Don’t be afraid to cut and run
If the underlying stock hasn’t substantially increased in value (or has even decreased in value) a few months after you sold the option, it might be a good idea to buy back the option and close out the contract. You might only break even after commissions or maybe even lose money, but that’s a pittance compared to being assigned a stock that you don’t want.
Embrace assignment
Maybe you feel that a certain option has a big likelihood of being assigned. Since you only sell options against stocks you would like to own, it’s perfectly reasonable to use assignment as a way to enter into a position. If you decide to take this route, it might be a good idea to start building up funds in your account in order to cover the cost of assignment.
And if you’re not assigned, you can always deploy the cash towards some other purpose.
Tap your cash reserves
I am building a needlessly large emergency fund. One great use for this fund would be topping off my brokerage account should I be assigned a stock. I might wind up having to soak a day or two of margin interest, but in the grand scheme of things that’s not too bad. Then I’ll just rebuild my emergency fund over time.
Technically, this suggestion probably violates all kinds of emergency fund guidelines, but unless you’re going to keep a bare-bones emergency fund, I would consider tapping your emergency fund to seize investment opportunities.
Sell the stock
This one is self explanatory. If you get assigned the stock, just sell it at a loss. Just because you are assigned a stock doesn’t mean that you have to keep it. Maybe you don’t want it any more or maybe you can’t cover the full cost of assignment easily. There’s nothing wrong with that. Just sell the stock.
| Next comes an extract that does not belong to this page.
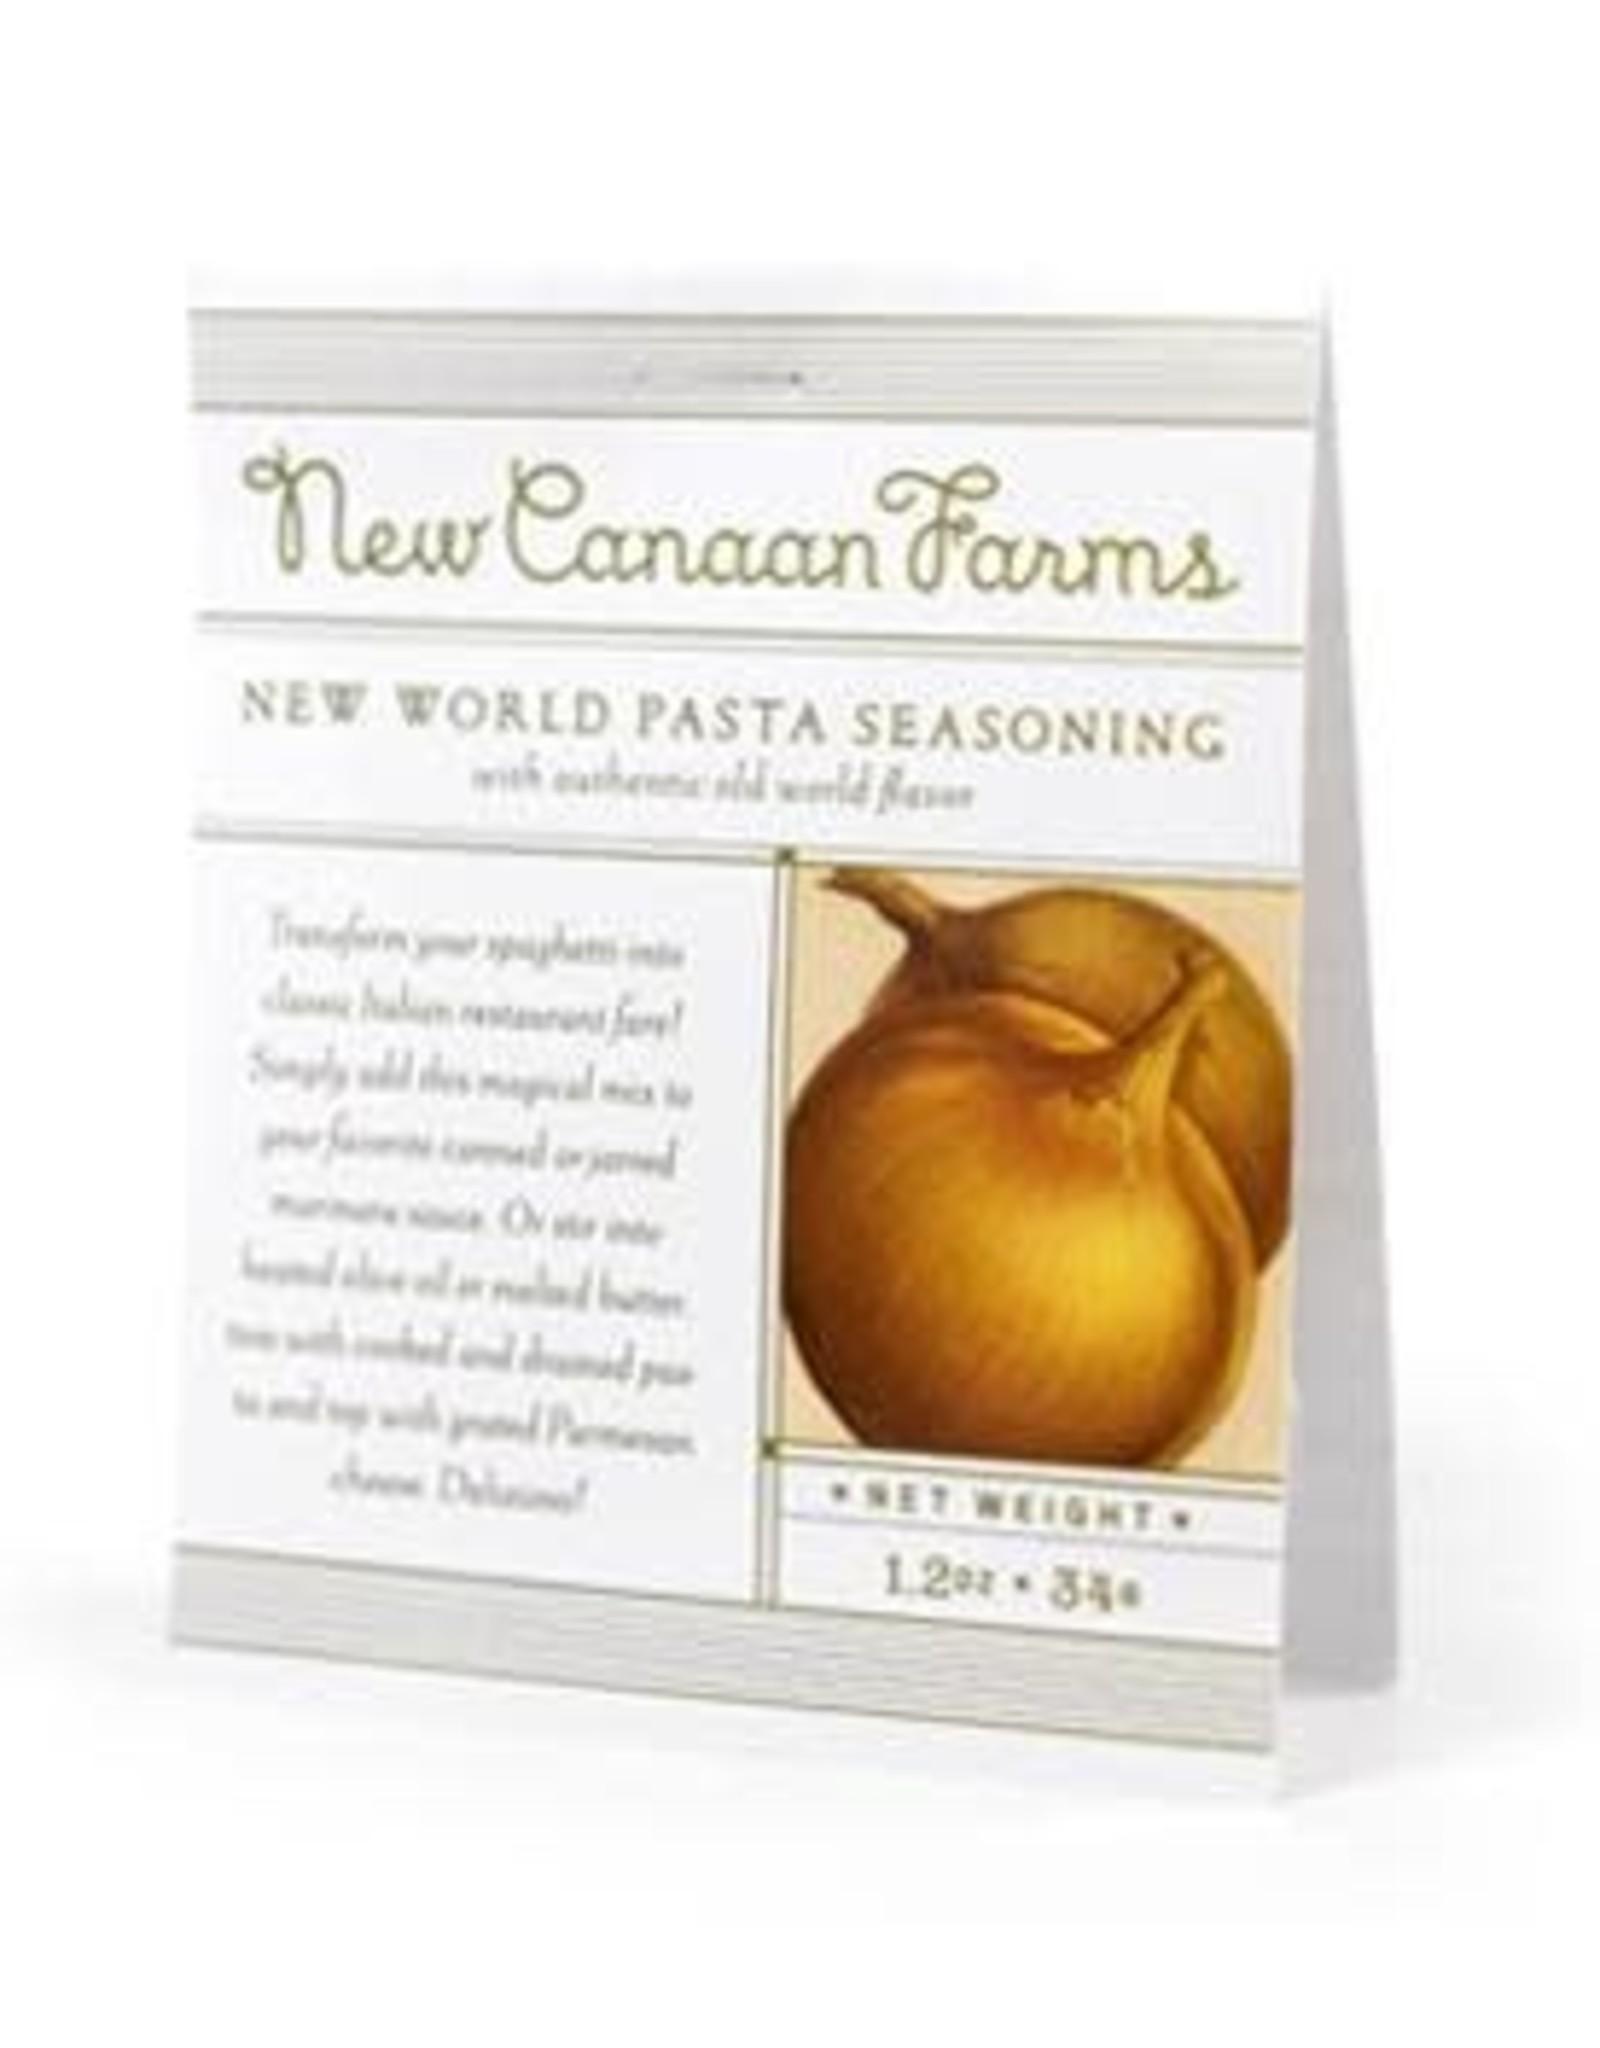 New World Pasta Seasoning

Readers: Do you sell put options in a margin account? How do you manage risk?
Written by MFIJ
Filed under: Investing · Tags: margin, put options, puts
MFIJ, this is an excellent write up. I see your point having the money aside in emergency account in case you get assigned. And we briefly discussed this earlier when talking about margin, that at some point I liked cash secured puts because I had an insurance in locked cash. With margin I may not have enough cash in case of assignment, since the broker will in average hold around 30% of required marginable funds (it depends on the three equations) and with that I am not much comfortable. But, that said, I can build a fund out of my brokerage account as you do, or buy back the put to avoid assignment. I also do not think tapping into an emergency account to cover an investment is a sin. It would be a bad habit if you pay for vacation, for example, but paying for a great investment opportunity is fine with me. You can always use gains or dividends along with your contributions to help rebuild the fund.
I’ve done this once, and only held the position for several days. I just monitored my position often. Too much for, IMO, for the return.
I’ve made great returns on my put sales. The margin account just lets me not lock up the cash. So I can sell more puts than I actually have cash to fund. Which is fine so long as I monitor my leverage and the put performance. For example, I closed out an INTC put after a few months because the stock price was still hovering around the strike price and I wasn’t particularly interested in being assigned more INTC.
This is a great aritcle. I was still a little confused about options and margins until reading this and now I feel like it’s a lot clearer. I haven’t experimented with options before, but I feel like they may be a decent investment as long as I know exactly what I’m doing.
I’m glad you found it useful. I think that cash secured puts are a great place to start. Sell a put against a stock you’d love to own and you can’t really go wrong no matter whether the put expires in or out of the money.